For the new study, Schreiber and his colleagues wanted to define the genetics of tumors that had yet to interact with the immune system. To do so, they induced tumors in mice with disabled immune systems. They collaborated with Washington University's Genome Institute scientists, who sequenced the cancer cells' genes.
"Until very recently, this work would have been impractical because of the costs involved," Schreiber says. "But the technology has improved and prices have come down, and now it's possible to obtain this genetic information for a few thousand dollars instead of a million."
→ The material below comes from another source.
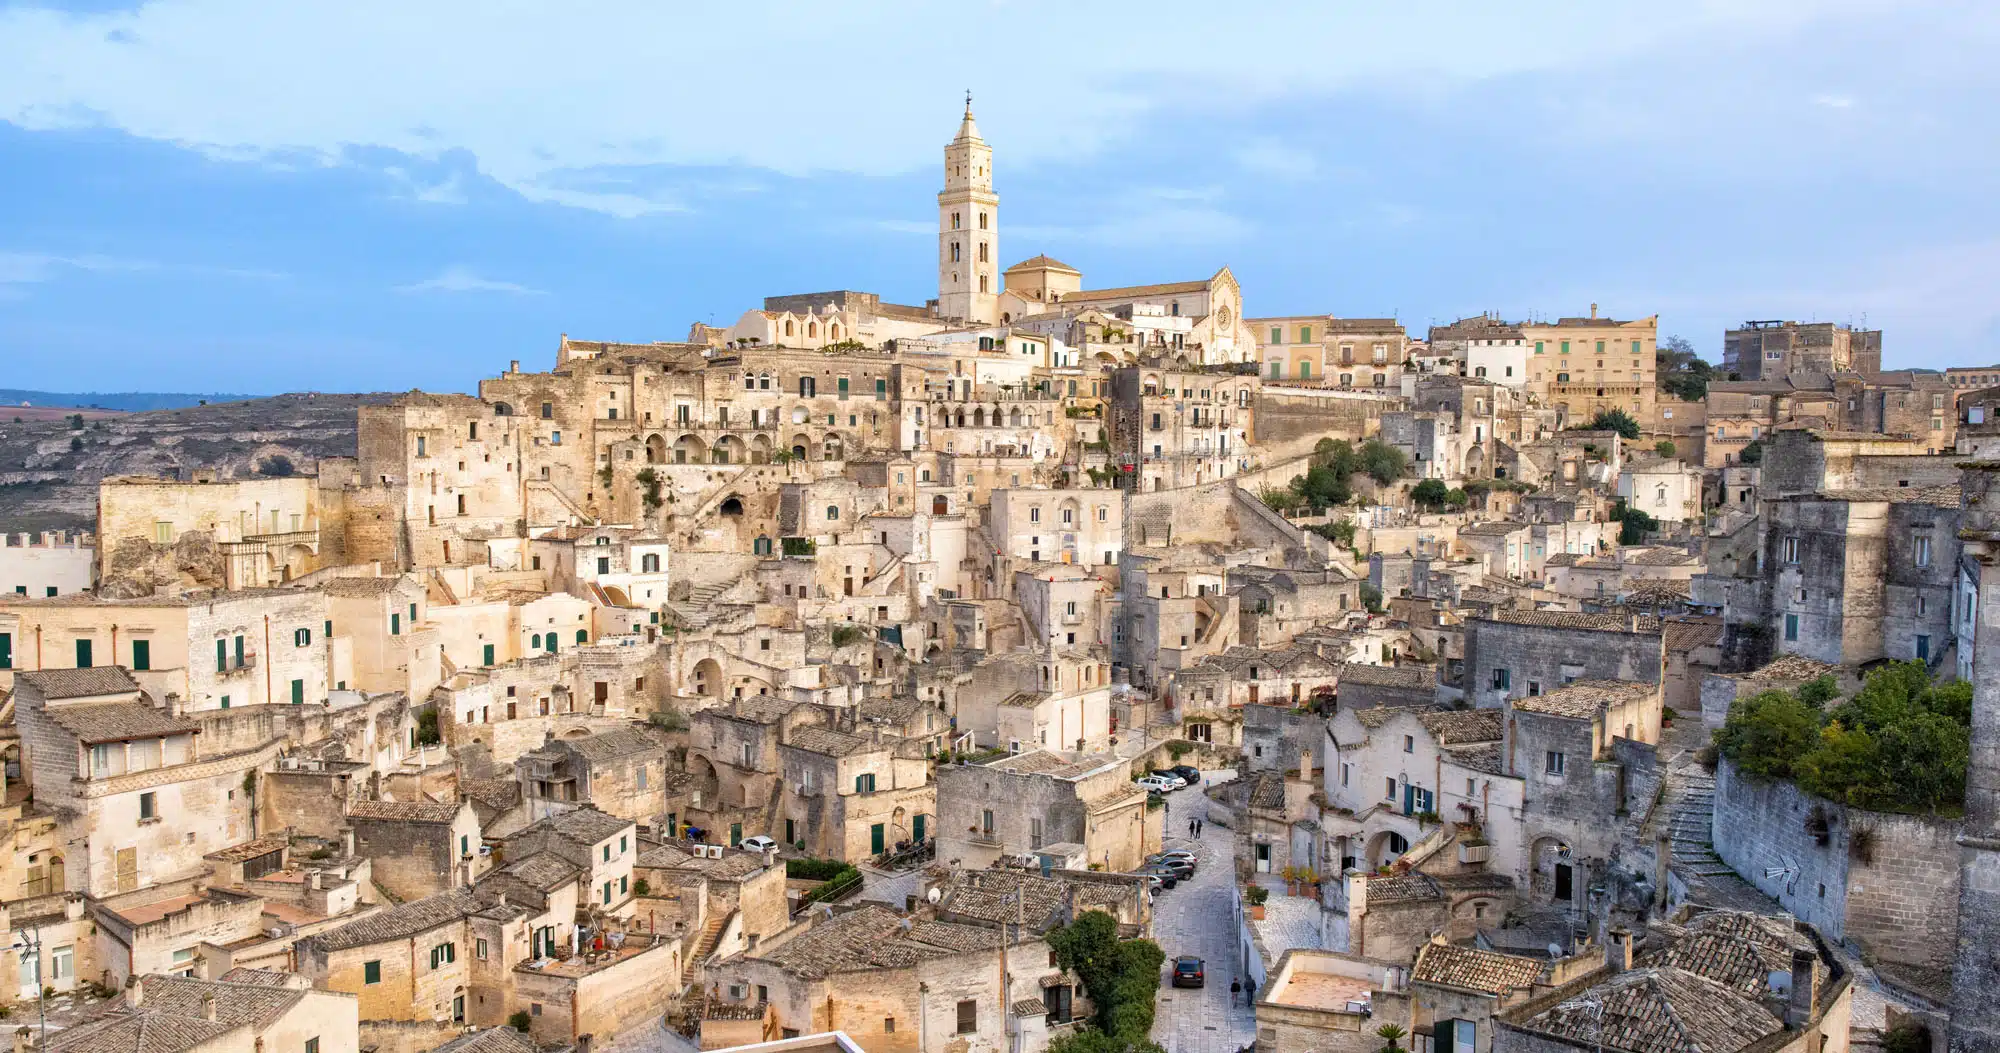 Featured image for “Southern Italy Itinerary: Amalfi Coast, Matera, Alberobello & Puglia”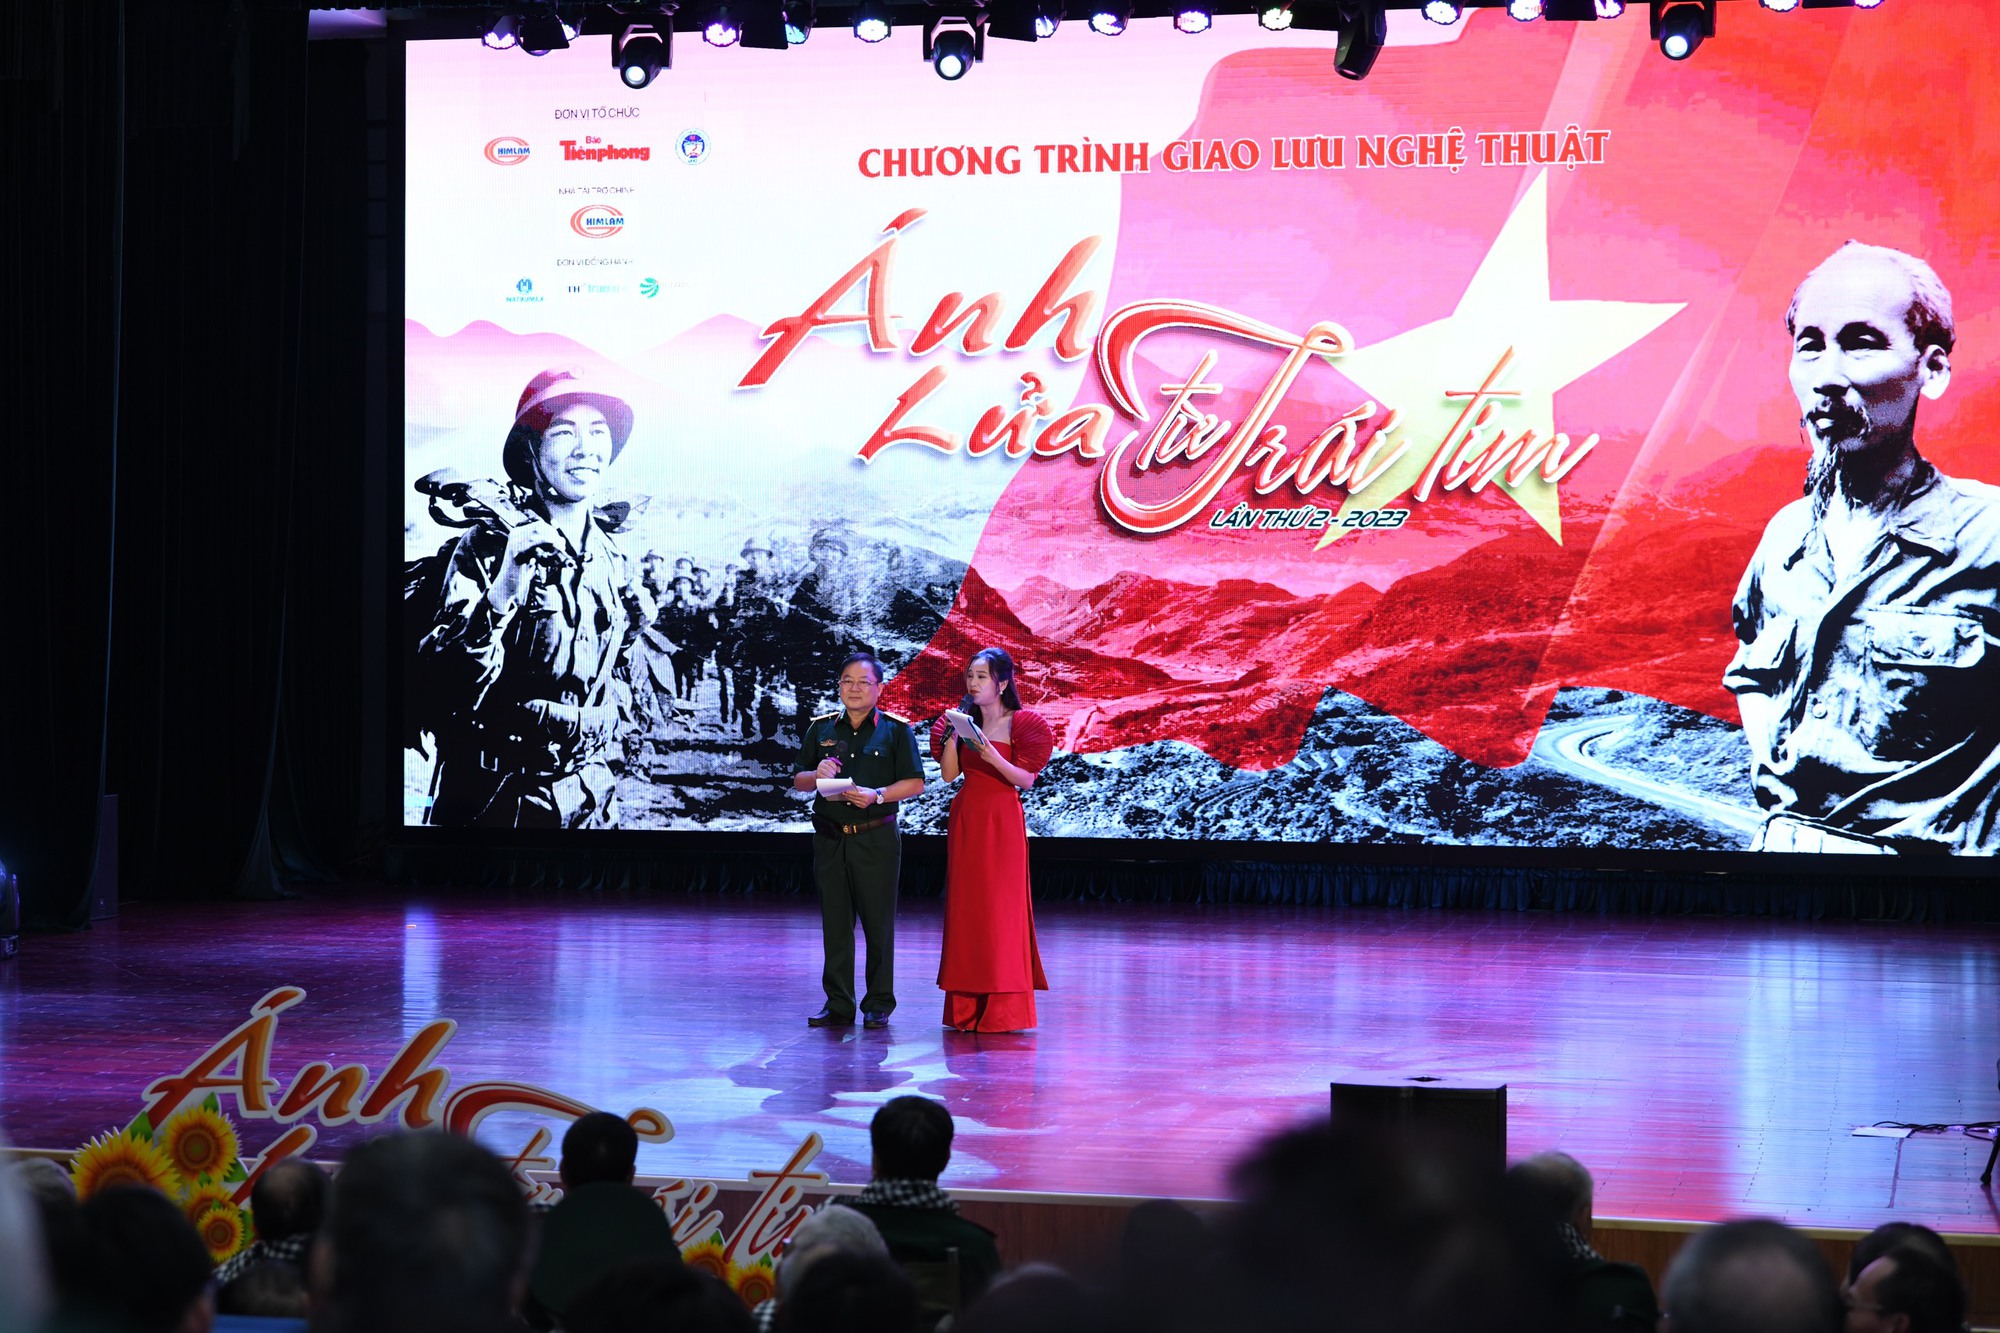 Hơn 600 sinh viên Hà Nội bật flash điện thoại trong đêm, vừa khóc vừa hát theo ca khúc nổi tiếng  - Ảnh 1.

By comparing genetic data from cancer cells and normal cells, scientists identified 3,743 mutations in the genes of the tumor cells. Next, they turned to an online database of protein sequences likely to be recognized by a key immune system sensor. This helped them narrow their focus to a few mutated genes whose altered proteins seemed most likely to trigger immune system attacks. One of these mutated proteins, an altered form of spectrin-beta2, was present in all tumor cells that were attacked by the immune system and in none of the cells that were ignored.
Researchers cloned this mutant gene and put it into other mouse tumor cells that lacked the mutation. When transplanted into mice with normal immunity, the tumor cells that made the mutant spectrin-beta 2 protein were attacked and eliminated by immune cells.
"Many of the cancer genome projects now under way are looking for the 'driver' mutations, or the mutations that cause the cancers," Schreiber says. "Our results suggest there may be additional information in the sequencing data that can help us make the immune system attack cancers."
Schreiber calls the spectrin-beta2 mutation identified in the study "low-hanging fruit," noting that it's such a red flag to the immune system that its presence normally leads the immune system to assault cancer cells without any prompting from immunotherapy.
He and his colleagues are currently sequencing DNA in tumors grown from mice with normal immune systems to see if they can identify mutations that are not as readily discernible to the immune system.
"The idea would be to make a vaccine that helps the immune system recognize and attack six or seven of these mutated proteins in a cancer," he says. "Therapeutically, that could be very helpful."